Tres mil millones de latidos.

Disclaimer: Card Captor Sakura no me pertenece, todos sus personajes le corresponden a Clamp yo sólo los uno a mis locas ideas.

Summary: Sakura jamás ha logrado entender por qué el ceño de Syaoran Li esta así de fruncido cada vez que la mira… esperen, sólo la ha mirado fijamente dos veces en todos los años que llevan siendo compañeros… y pareciera que quiere asesinarla con la mirada, ¿Qué puede ser peor? Que terminen como compañeros de asiento, ¿qué tan malo es sentarse junto al gruñón y maldito Li?

3.

La semana en la escuela había sido un caos, sobre todo porque sería ese viernes el segundo festival del año y todos parecían sentirse ya en fiesta desde el lunes, cada clase se esmeraba por cumplir con sus propias labores asignadas y los números a presentar ese día eran varios por lo que la mayoría se quedaba en la escuela hasta bastante después de haber terminado la jornada de clases, entre ensayos y preparaciones últimas.

Lo bueno de todo ese alboroto es que incluso Li parecía haber olvidado que esa semana también debíamos juntarnos, por lo que ya era un glorioso jueves y no habíamos vuelto a cruzar palabras más que para el día de la revisión de la primera parte del trabajo de Literatura, en el cual por cierto obtuvimos la nota máxima. Todo indicaba que esa semana me vería libre de él y pasaría gloriosas dos semanas de vacaciones de navidad sin preocuparme por nada.

Que ingenua.

El día del festival llegó y con ello el ambiente festivo invadió el instituto, arreglos navideños por todos lados, amigos que se entregaban regalos adelantados por navidad, y por supuesto Tomoyo con su cámara grabándome a cada segundo.

- ¡Sakura te ves preciosa! Pareces realmente un hada del bosque con ese atuendo.

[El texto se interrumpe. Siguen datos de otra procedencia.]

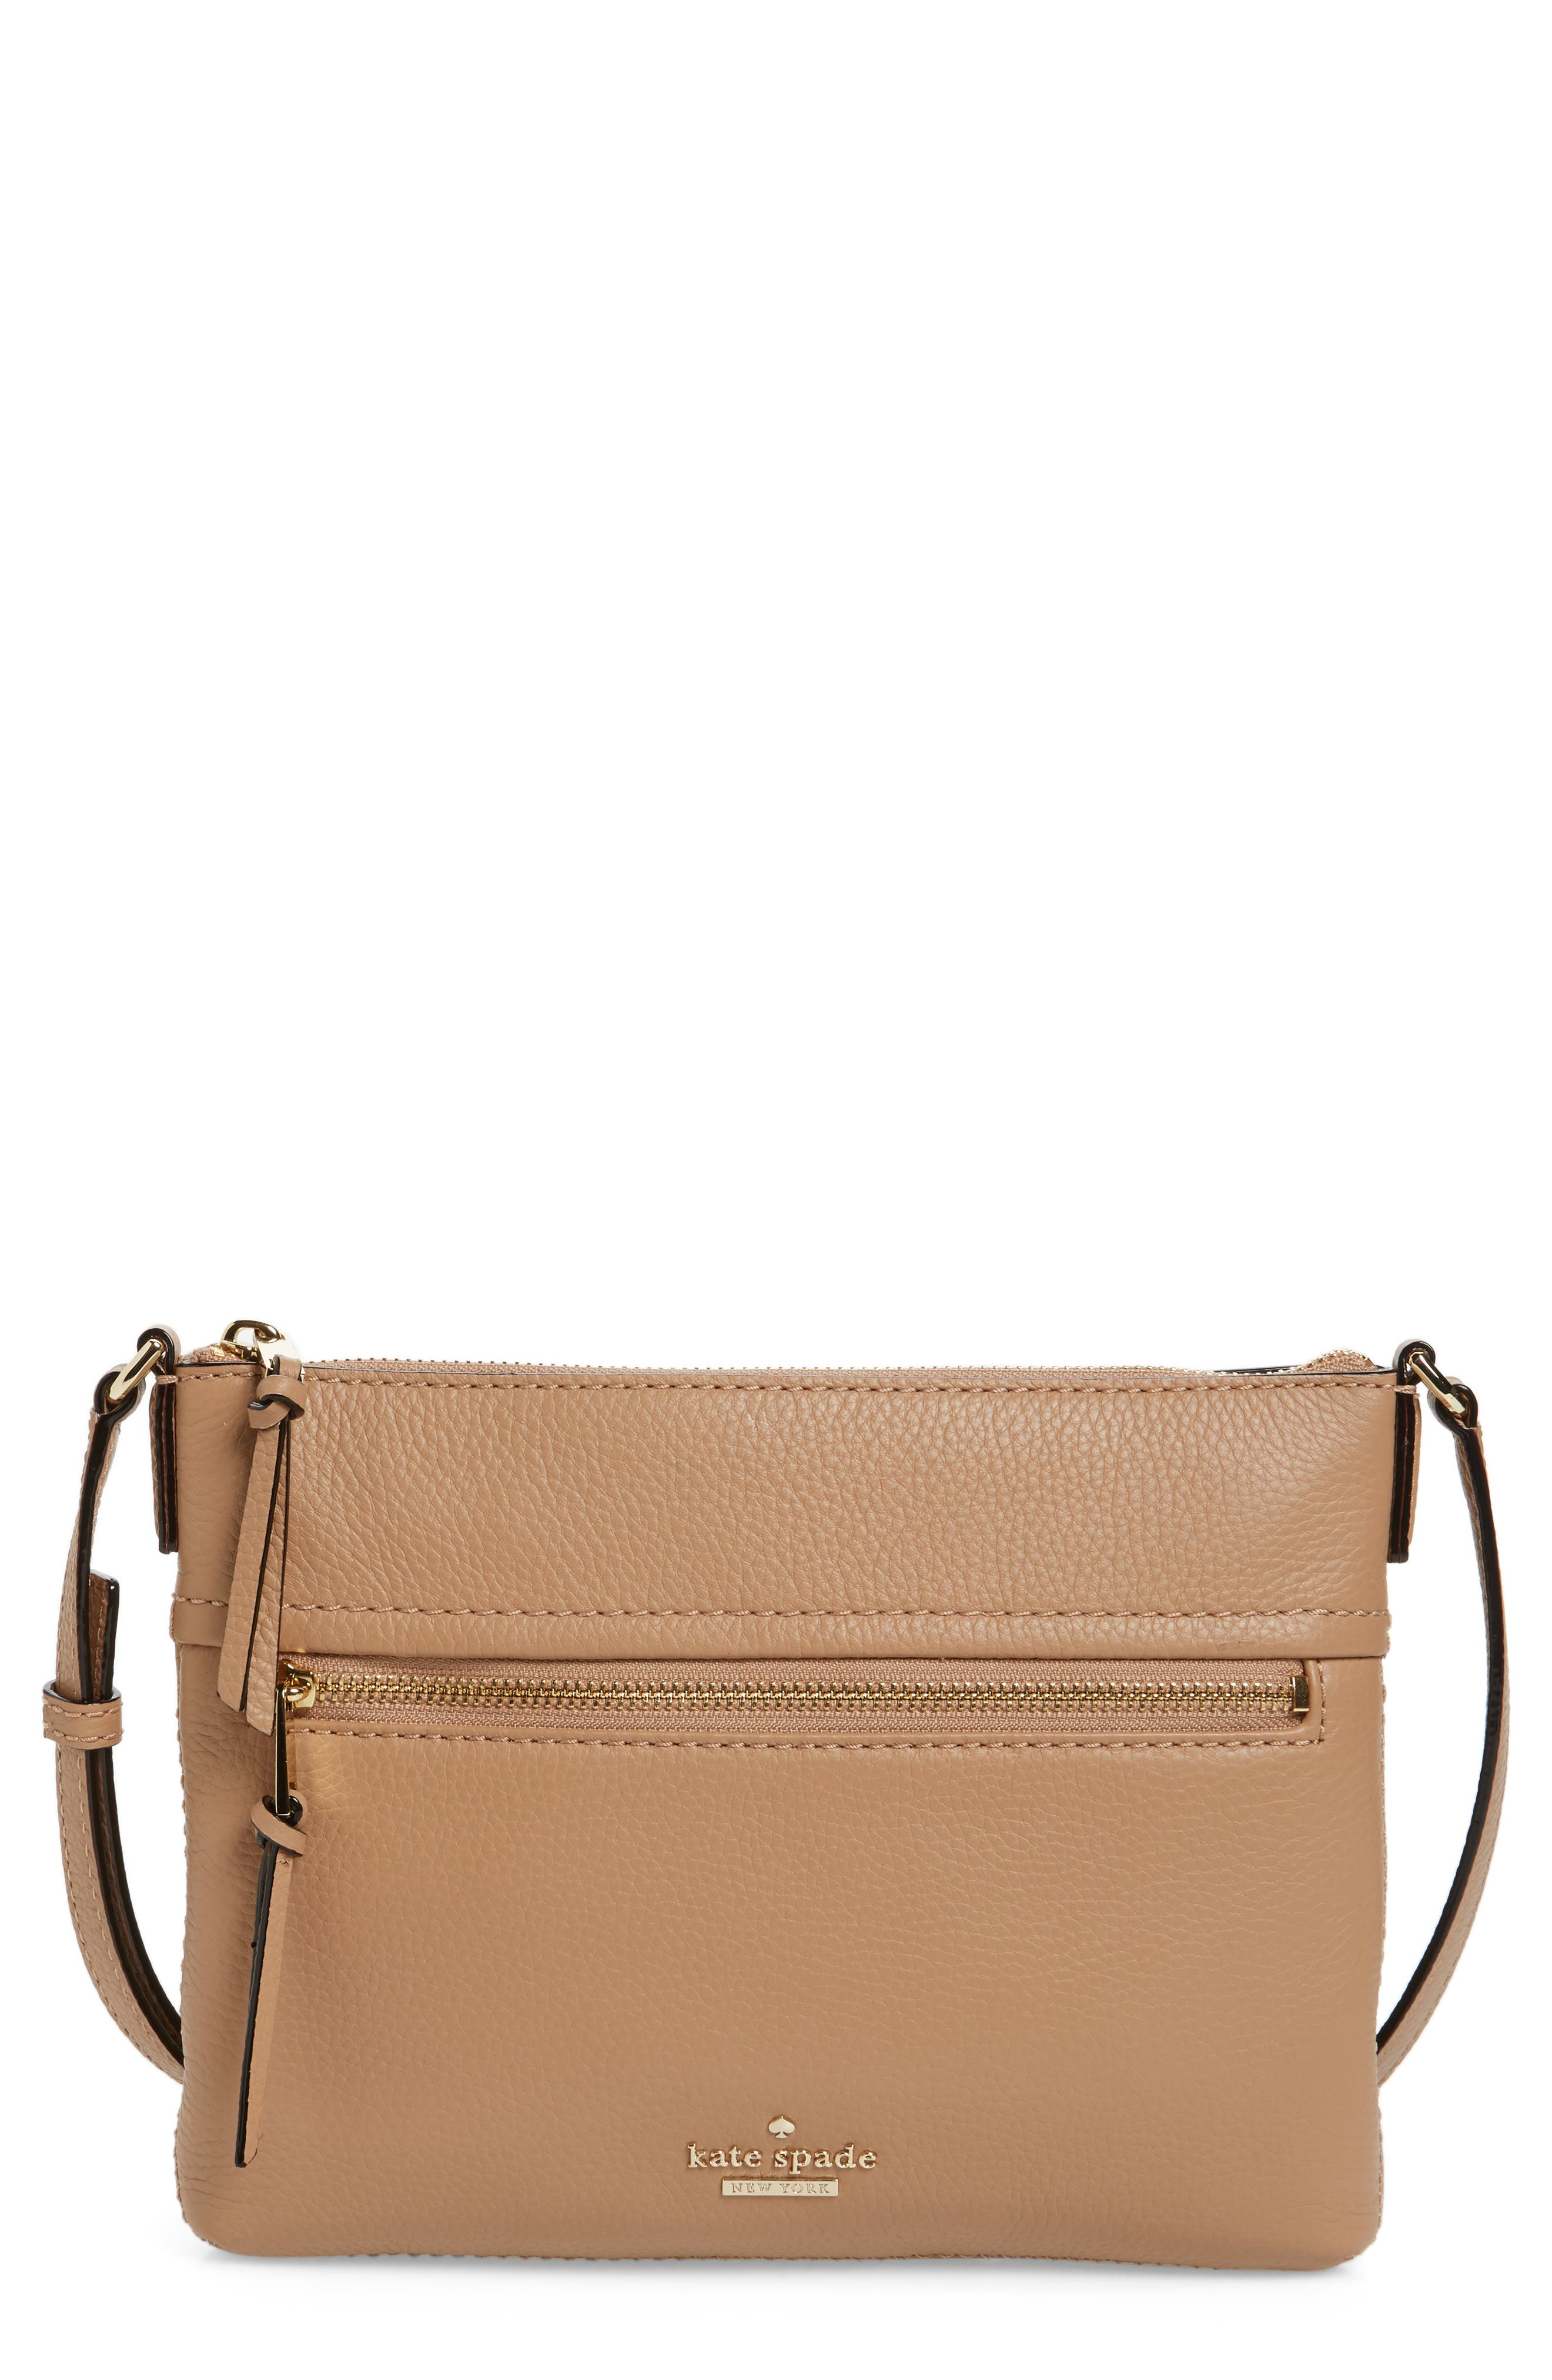 kate spade new york jackson street - gabriele leather crossbody bag

Sólo pude rodar los ojos, no sabía cómo había terminado en el puesto de galletas de navidad, vestida con uno de los trajes que Tomoyo había hecho especialmente para mi, un vestido verde muérdago, corto, con forma de campana desde la cintura hasta la mitad del muslo y ajustado arriba, decoraba todo el cintillo hecho con hojas de muérdago y flores blancas y unas medias verde oscuras, por suerte acompañaba ese corto vestido con unas botas o probablemente moriría de hipotermia, aún cuando todo se desarrollaba al interior del gimnasio.

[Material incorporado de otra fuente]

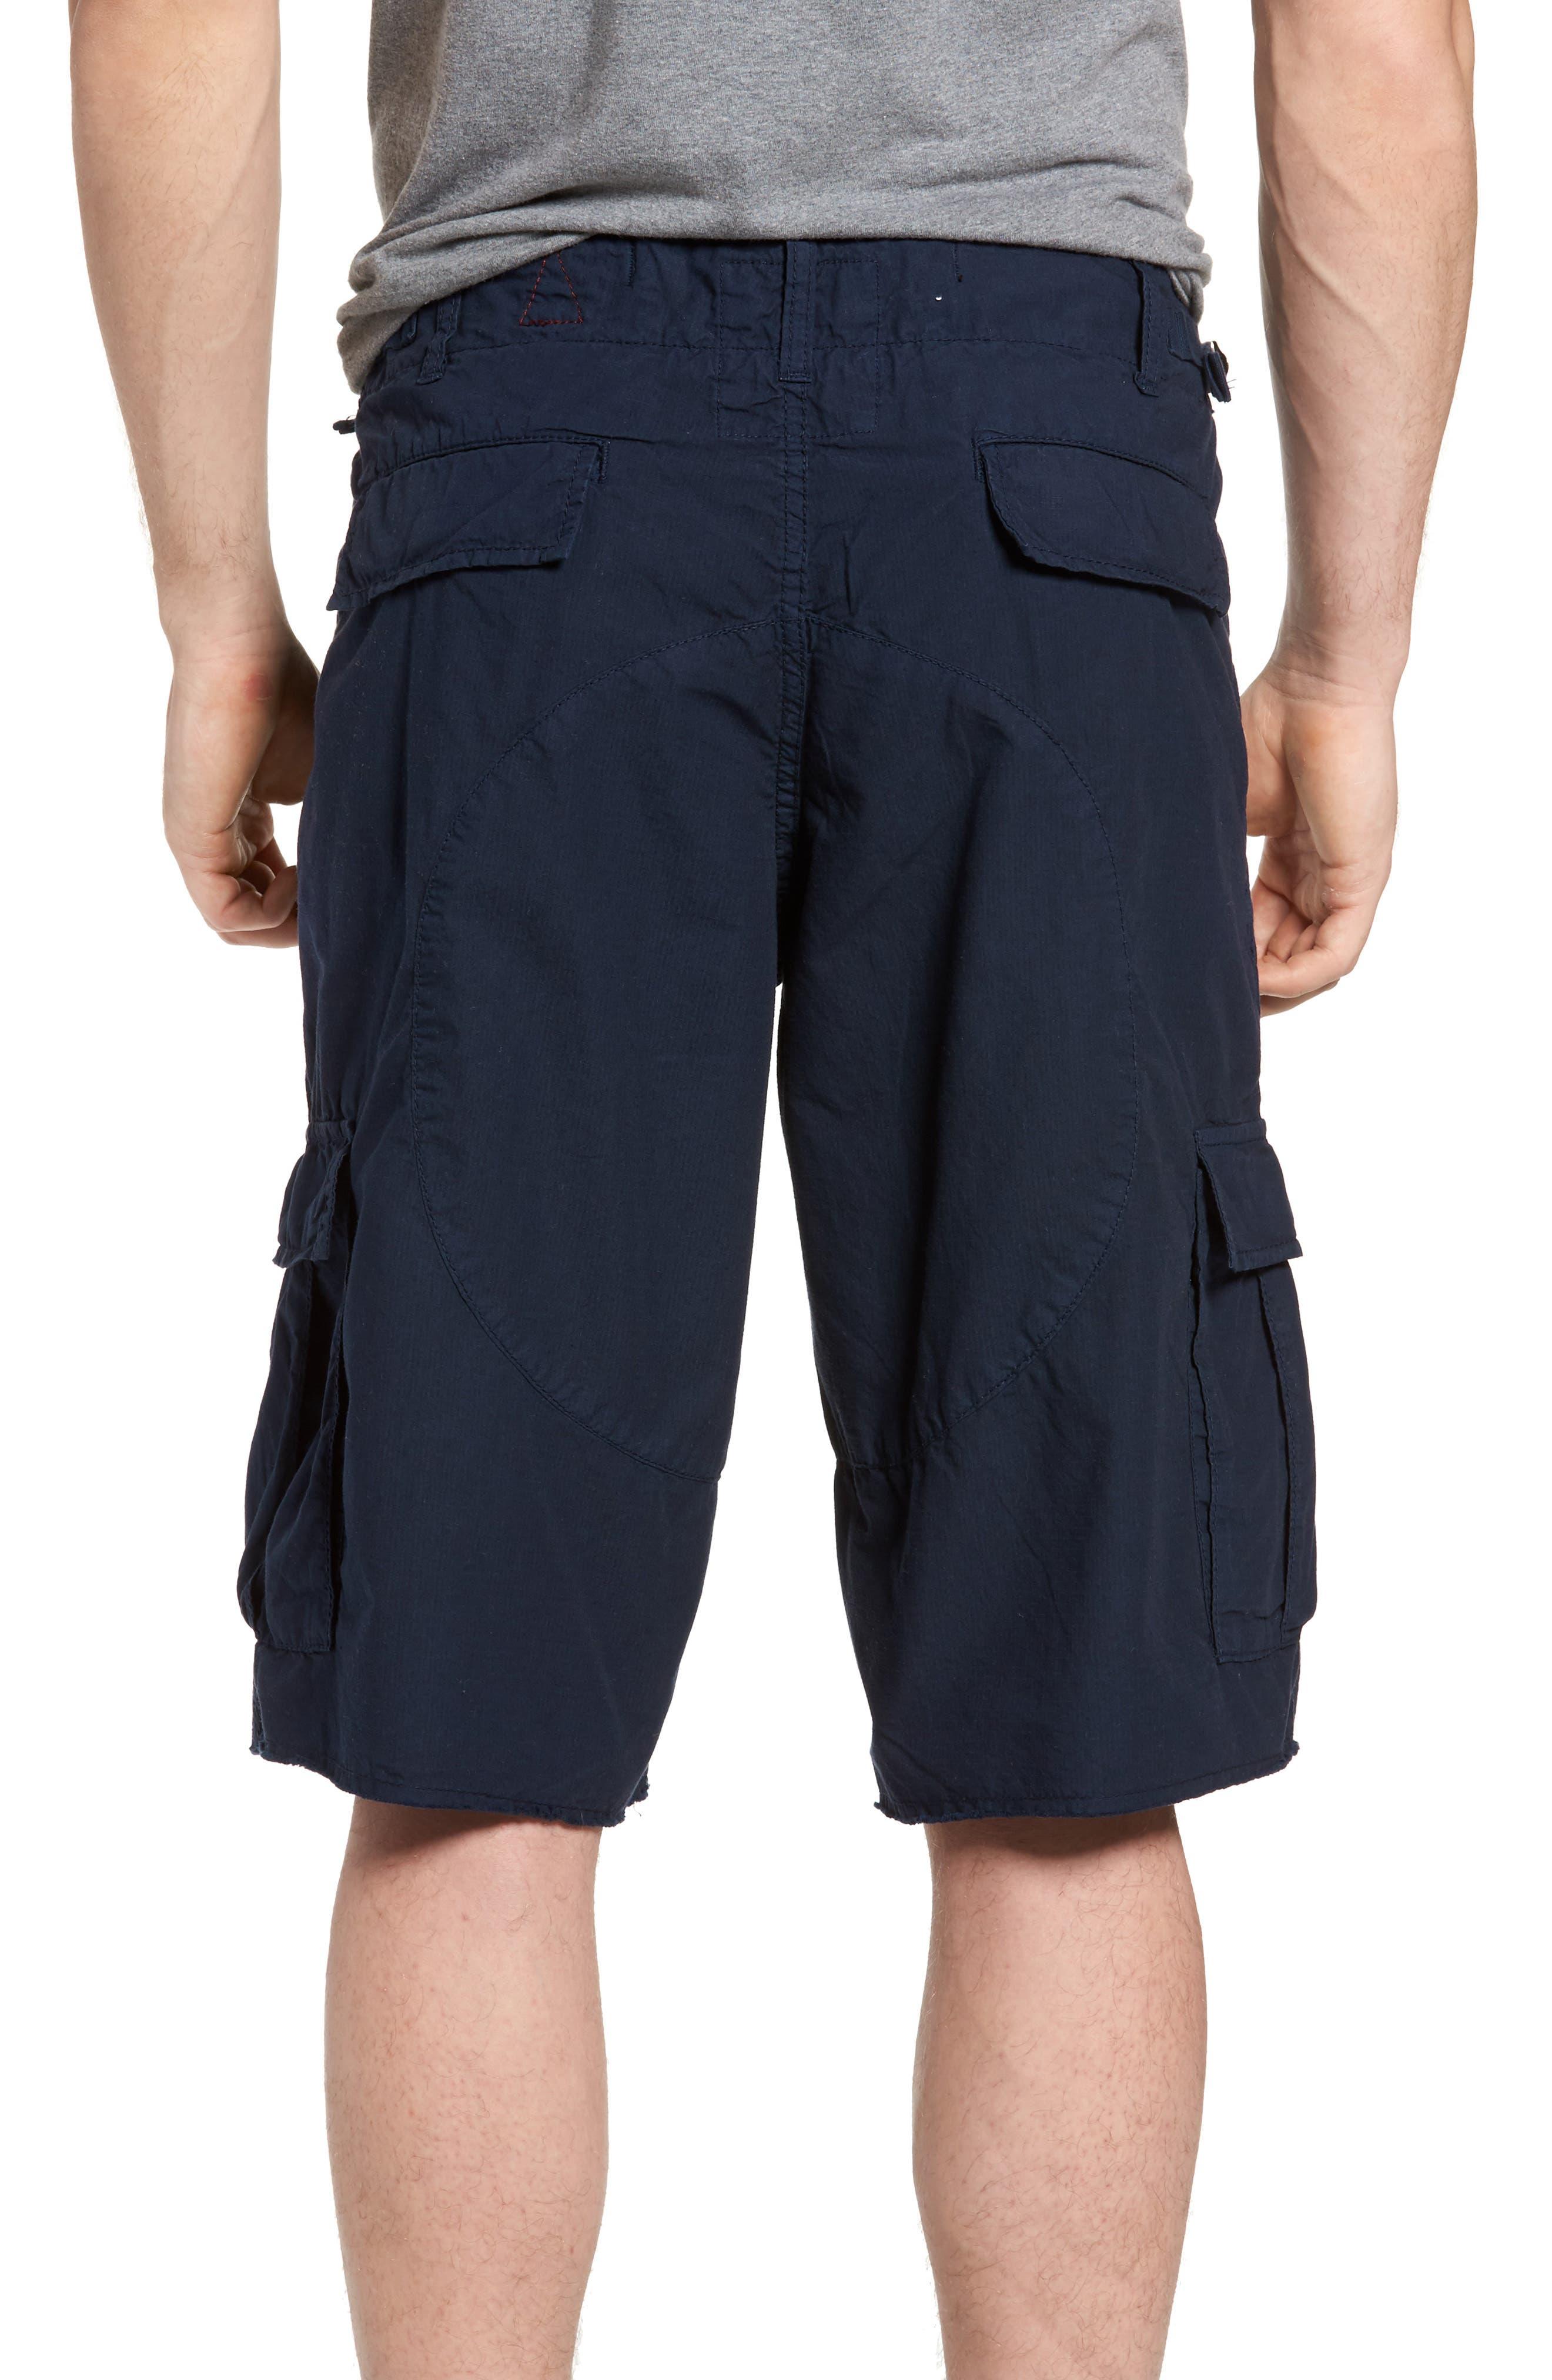 'Oxnard' Cargo Shorts,                             Alternate thumbnail 2, color,                             Navy

Tratando de huir de la insistente cámara que sostenía mi mejor amiga traté de escabullirme, para mi mala suerte chocando precisamente con Li, quien sujetó mis brazos de manera rápida evitando además que terminase en el piso por la fuerza del impacto.

- Lo siento, Li.- me disculpé mientras él me soltaba de su inesperado agarre.

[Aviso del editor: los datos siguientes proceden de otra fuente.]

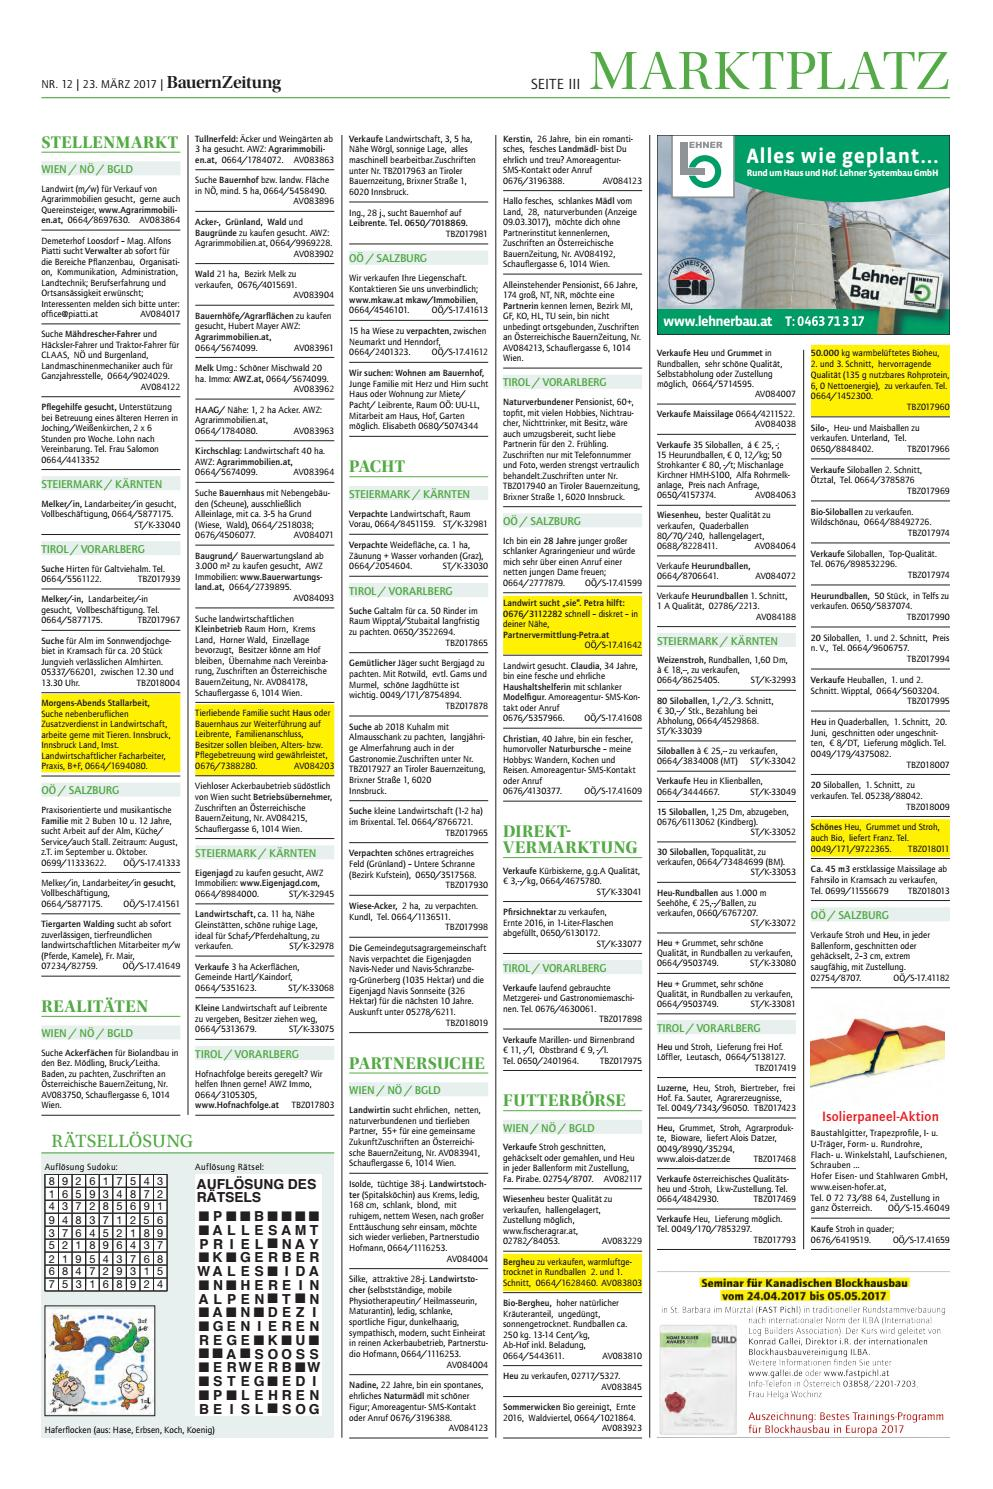 Lebensmittel / Einzelhandel in Kindberg - volunteeralert.com

- Vaya fuerza, Kinomoto, tal vez deberías probar en el equipo de rugby.

Enrojecí, de rabia y vergüenza. Que a una chica le digan eso no es nada alentador, déjenme decirles.

- Se me da mejor el atletismo- comenté entrecerrando los ojos.

- Lo se- replicó.

Traté de buscar un atisbo de ironía pero no lo encontré. Li era realmente un ser extraño.

- Bien, ¿irás a mi casa a trabajar? tenemos dos semanas de receso pero no creas que por eso debemos dejar el trabajo de lado, Kinomoto.

Arrugué el ceño y traté de no estampar el ceñudo rostro de Syaoran Li contra el piso. ¿Qué en serio pensaba arruinar mi receso navideño?

- ¿Pasarás las fiestas en Tomoeda?

Le vi alzar una ceja.

- ¿No irás a Hong Kong a pasarlo con tu fam…

Instantáneamente me arrepentí de haber lanzado aquella pregunta, y es que la mirada gélida que me dio en ese instante me hizo desear hacer un hoyo en el piso y enterrarme en él. ¿por qué siempre tenía que irme de boca?

- ¿Sabías que con el ceño tan fruncido siempre envejecerás más rápido?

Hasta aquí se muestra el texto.